Want A Real Scare? Colossal Asteroid To Whiz Past Earth On Halloween — And Miss By A Hair


Remember a couple years ago when drivers in Russia filmed a meteorite exploding in the Earth’s atmosphere? That puppy was 55 feet wide. Keep that in mind when you read about asteroid 2015 TB145. It’s 1,542 feet in diameter, or about 28 times bigger than the famous Chelyabinsk meteor.

And this asteroid is hurtling toward Earth right now, scheduled to just barely whizz past us at 78,000 miles per hour — on Halloween, no less, Science Alert reported.

Don’t head to your apocalypse bunkers yet. Although the Halloween asteroid has been described as so “eccentric” that NASA only just found it three weeks ago, the agency is quite confident it will not slam into us. That would certainly ruin everyone’s trick-or-treat plans.

Asteroid heading for Earth on Halloween
Photo Courtesy Sean Locke Photography / Shutterstock

The Halloween asteroid is notable because it’s the closest anything like it has come to the planet since 2006, and nothing will get as close until 2027. Thankfully, that one will also miss us.

Rest assured, warning that an asteroid will just barely miss our delicate blue planet in a couple weeks’ time sounds worse than it actually is, since a “near miss” in space is a heck of a long way — about 310,000 miles from Earth — that’s about 1.3 lunar distances. The one that nearly missed us in 2006 was about 1.1 lunar distances, and the doozy scheduled for 2027 will be about one lunar distance away.

According to the Telegraph, another asteroid passed close by on October 10 and was considered pretty close at 15 million miles away. Once a space rock gets within 4.6 million miles from us, NASA considers it hazardous.

It’s a little unnerving that NASA only just found this colossal Halloween scare ominously flying through space only 10 days ago. The Halloween asteroid was spotted in Hawaii by the Panoramic Survey Telescope & Rapid Response System, which uses astronomical cameras and telescopes from all over the world with the main goal of finding flying objects threatening to smash into Earth.

That sudden discovery is a bit more spine-tingling when you consider the words of NASA Administrator Charles Bolden in 2013, a month after the Chelyabinsk meteor hit Russia.

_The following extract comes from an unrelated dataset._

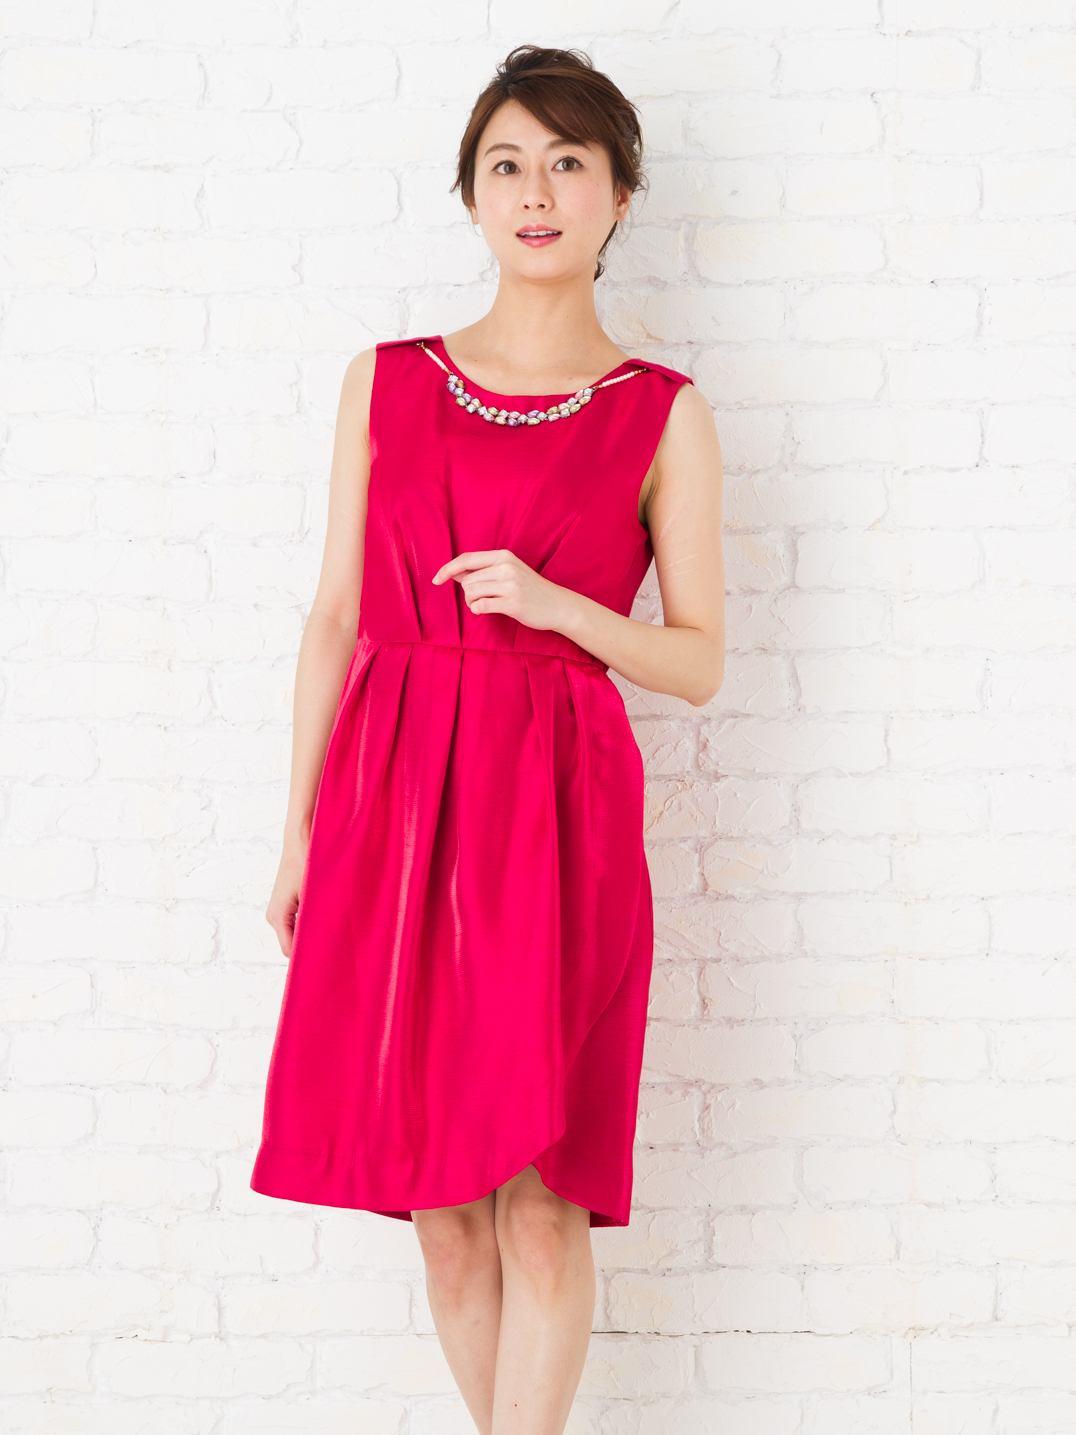 RYK ドレス / Mサイズ (DOC0005)

“From the information we have, we don’t know of an asteroid that will threaten the population of the United States. But if it’s coming in three weeks… pray.”

NASA said this new asteroid is on an “extremely eccentric and high inclination” orbit, which means it was fairly difficult to track down. That orbit also means NASA can’t predict where it will head next, but the agency can say a collision course with Earth on Halloween isn’t on the calendar.

And earthlings with a decent amateur telescope may be able to see it as it safely flies past. The asteroid’s closest approach will happen around 11 a.m. on Halloween, but stargazers will have to look skyward the night before and just before dawn on October 31 to catch it moving “slowly” across the stars, EarthSky added. It will pass through the constellation Orion around dinner time on the east coast.

The asteroid will be too faint to see with the naked eye, however.

This close encounter should remind everyone that detecting and possibly diverting an asteroid should be a priority for the planet. As of this month, 13,251 near-Earth objects have been spotted, 877 of them asteroids with a diameter of nearly a mile. Of these objects, 1,635 are considered Potentially Hazardous Asteroids.

NASA trying to detect asteroids earlier
The giant asteroid Vesta is seen in an image taken from the NASA Dawn spacecraft about 3,200 miles above the surface July 24, 2011. [Photo Courtesy NASA / Getty Images]
Right now, none of them are expected to hit us, and they have a less than 0.01 chance of ruining our day in the next century.

Still, when Bolden warned about space rocks like Chelyabinsk two years ago, he was also trying to stress that NASA needs funding to track these threats. Space agencies are working on improving detection, but money is always an issue. And if we do see one heading toward Earth, and it’s not a near miss, we’re going to have to figure out what we can do to push it out of the way.

Thankfully for now, this coming asteroid will be a near miss, although come Halloween, earthlings may hold their breath together as it whizzes past.